# The Beautiful Pen contest  Poll



## ldb2000 (Feb 16, 2010)

My crack team of Judges and I have finally chosen 3 of the entries for the Beautiful pen contest . I must say all the entries were top rate and choosing just 3 was very hard .

I want to Thank everyone who entered a pen in the contest .
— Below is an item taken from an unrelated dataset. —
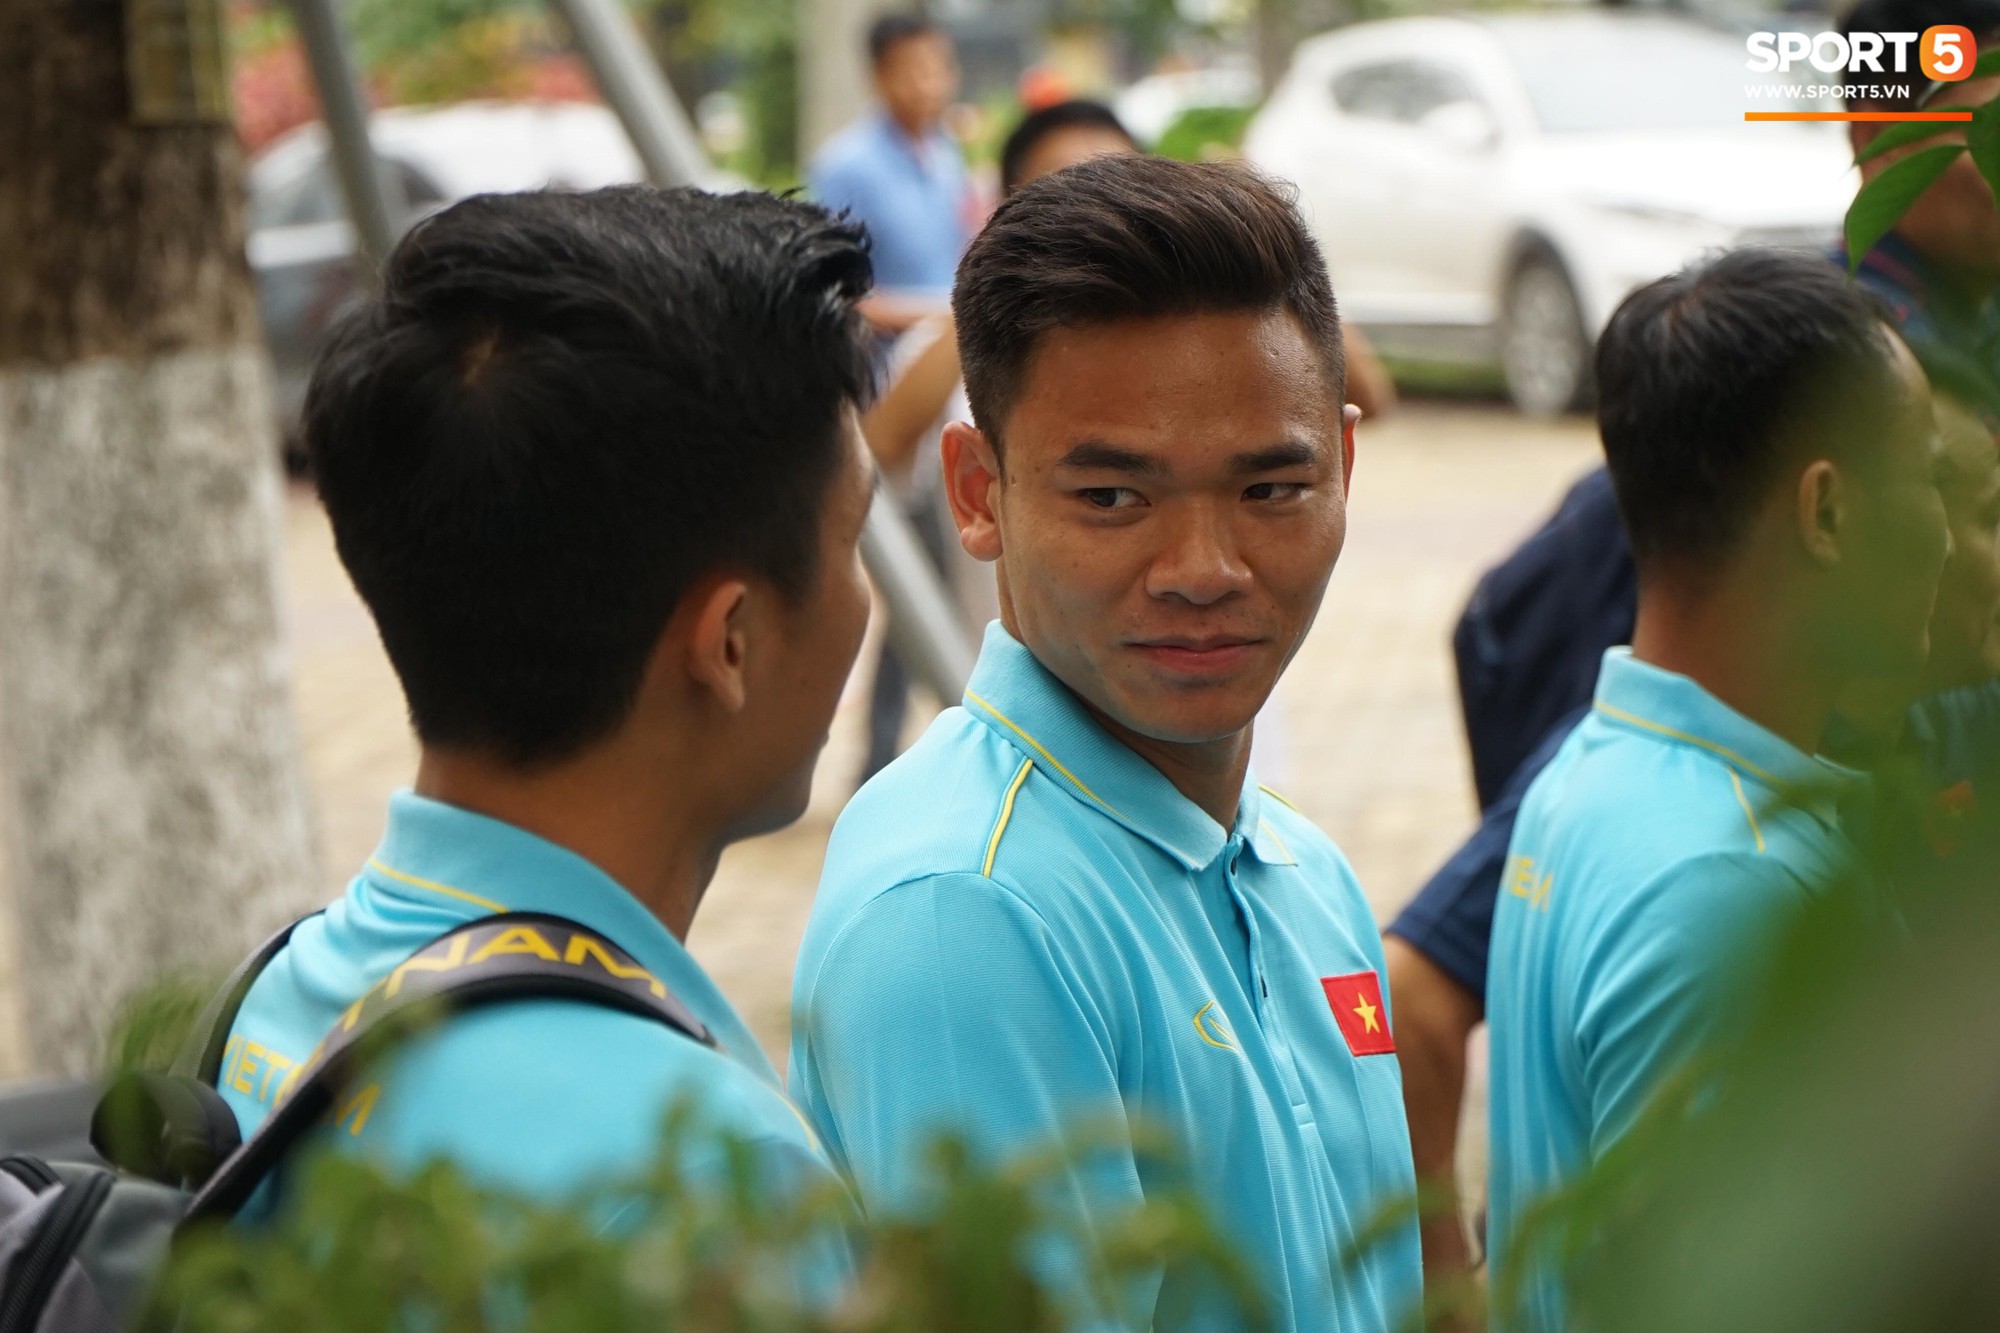 Dàn tuyển thủ Việt Nam bảnh bao hội quân chuẩn bị dự Kings Cup 2019 - Ảnh 7.

The poll will close 12:26 AM on 2/23/10

Here's the top 3
From left to right ,

philbaldwin , Brown Mallee Burl Cigar
mackc , Blue dyed curly maple Long click
Altaciii , Snakewood Euro/Designer


----------



## traderdon55 (Feb 16, 2010)

This was tough to pick one as they all look like winners. However if I must pick one I choose ???


----------



## GaryMadore (Feb 16, 2010)

Not an easy choice.

Gary


----------



## Rifleman1776 (Feb 16, 2010)

HMmmmmmmm!!!!!
Leesee....eenyy, meenie, mini, moe......


----------



## wood-of-1kind (Feb 16, 2010)

I vote for "all" of the above.  ; )


----------



## penmanship (Feb 16, 2010)

ditto !



wood-of-1kind said:


> I vote for "all" of the above. ; )


----------



## ed4copies (Feb 16, 2010)

BAH, Humbug!!!   All WOOD!!!

BUT they ARE very NICE, for wood!!!


----------



## Pioneerpens (Feb 16, 2010)

all very beautiful...Tough choice...I pick #______________


----------



## theHullTurn (Feb 16, 2010)

ed4copies said:


> BAH, Humbug!!!   All WOOD!!!
> 
> BUT they ARE very NICE, for wood!!!



Maybe next year have a beautiful acrylic pen contest? or non-wood contest?


----------



## JohnU (Feb 16, 2010)

Congrats to the top three.   They're all beauties!


----------



## Karin Voorhis (Feb 16, 2010)

wow this is not as easy I thought. but I did my job!


----------



## Ligget (Feb 19, 2010)

I voted too, 3 great pens and all are capable of winning!


----------